----- SUPPLIED MATERIAL -----

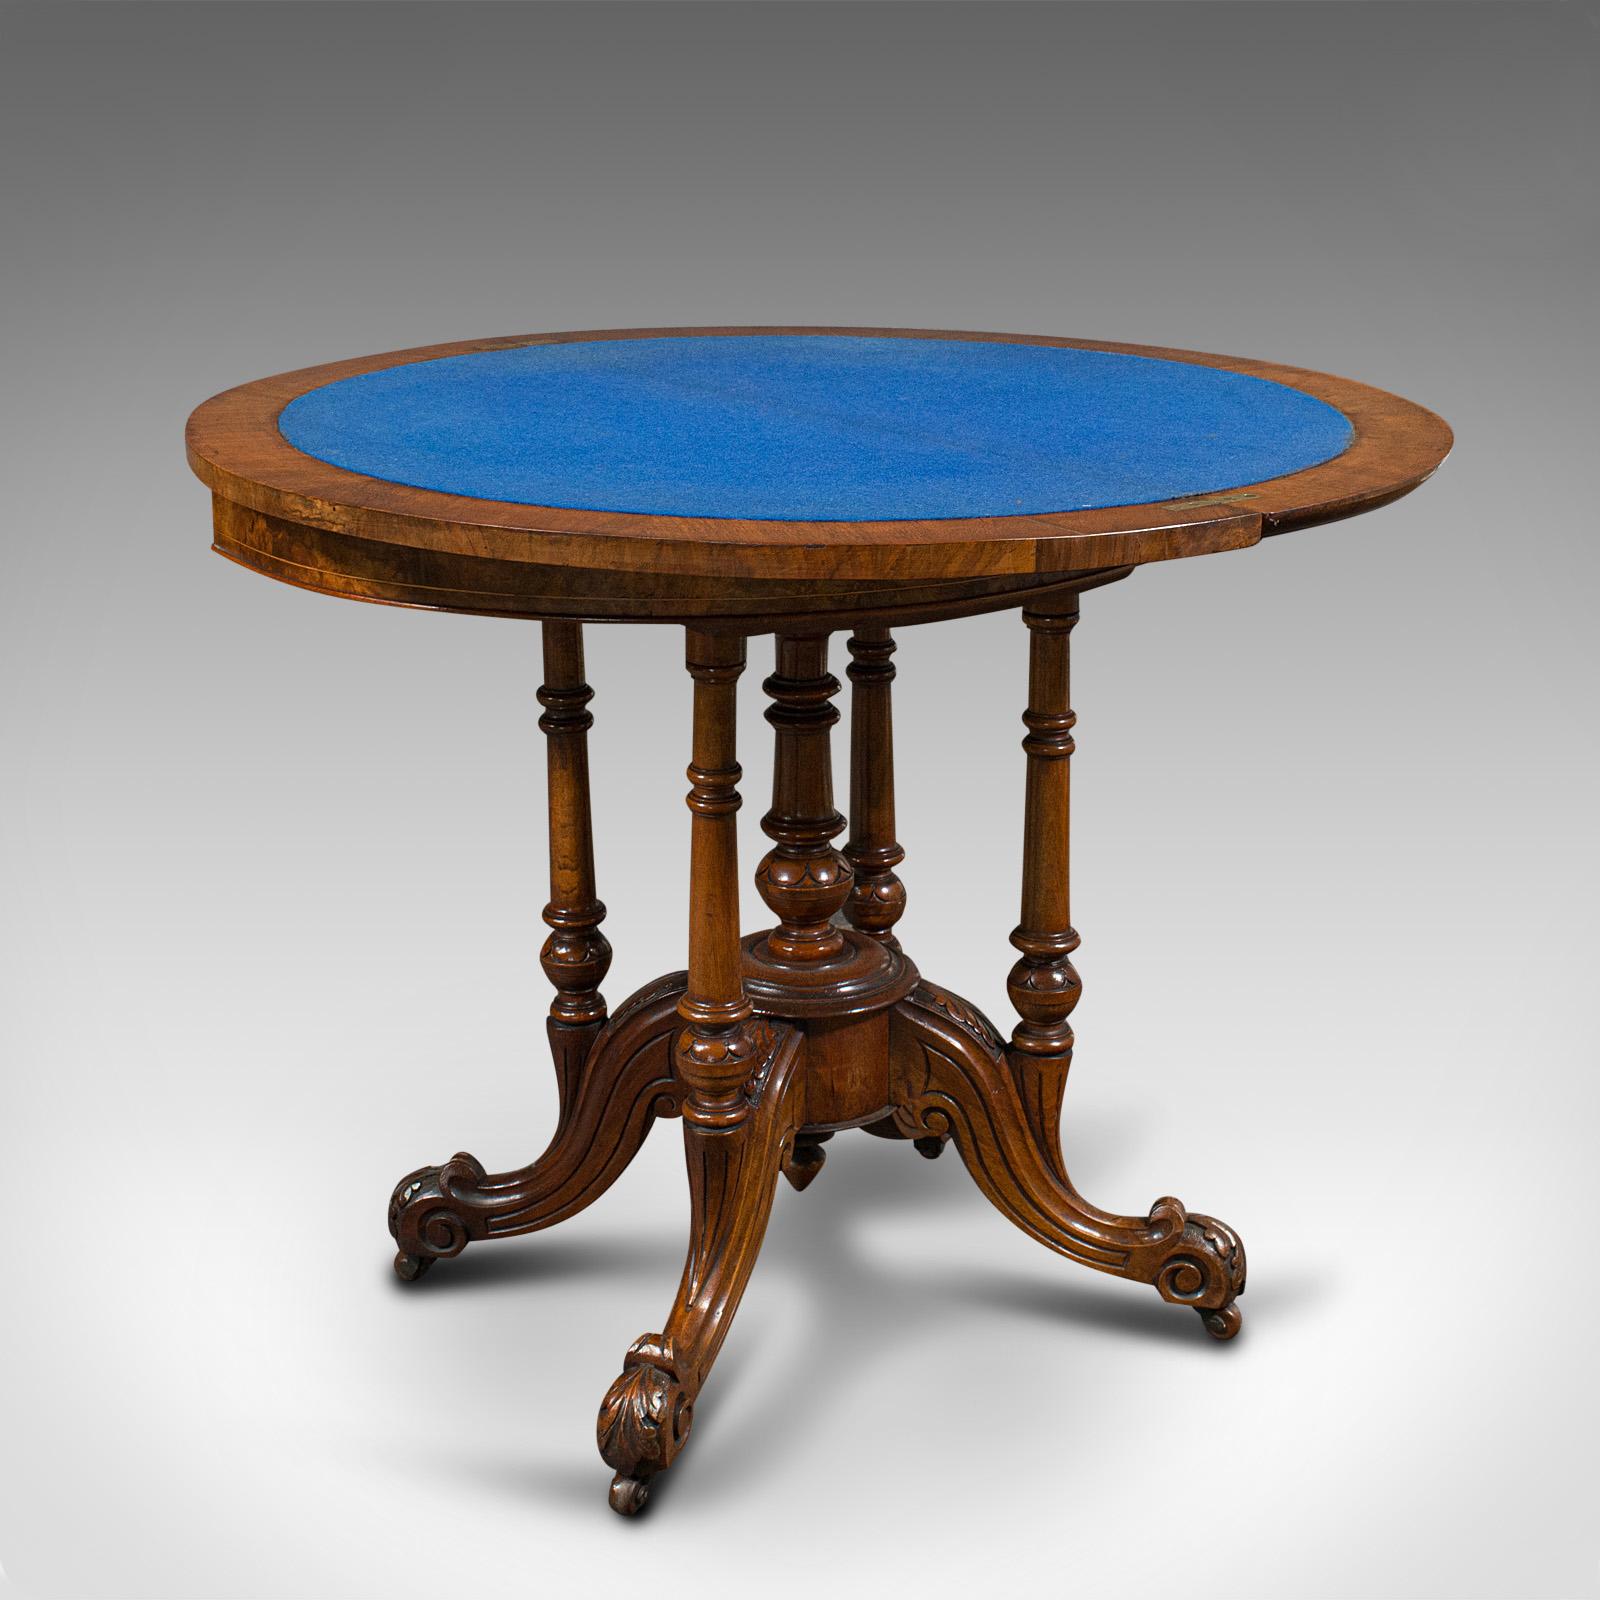 This is an antique demi-lune folding card table. An English, walnut and amboyna half-round games or side table, dating to the early Victorian period, circa 1850.

Striking and exceptional, a treat for any drawing room or club lounge
Displays a

-----

| EXERCISE BRIEF |
Return the data above in its exact wording, with none of the pictures.

| EXERCISE OUTPUT |
 This is an antique demi-lune folding card table. An English, walnut and amboyna half-round games or side table, dating to the early Victorian period, circa 1850.

Striking and exceptional, a treat for any drawing room or club lounge
Displays a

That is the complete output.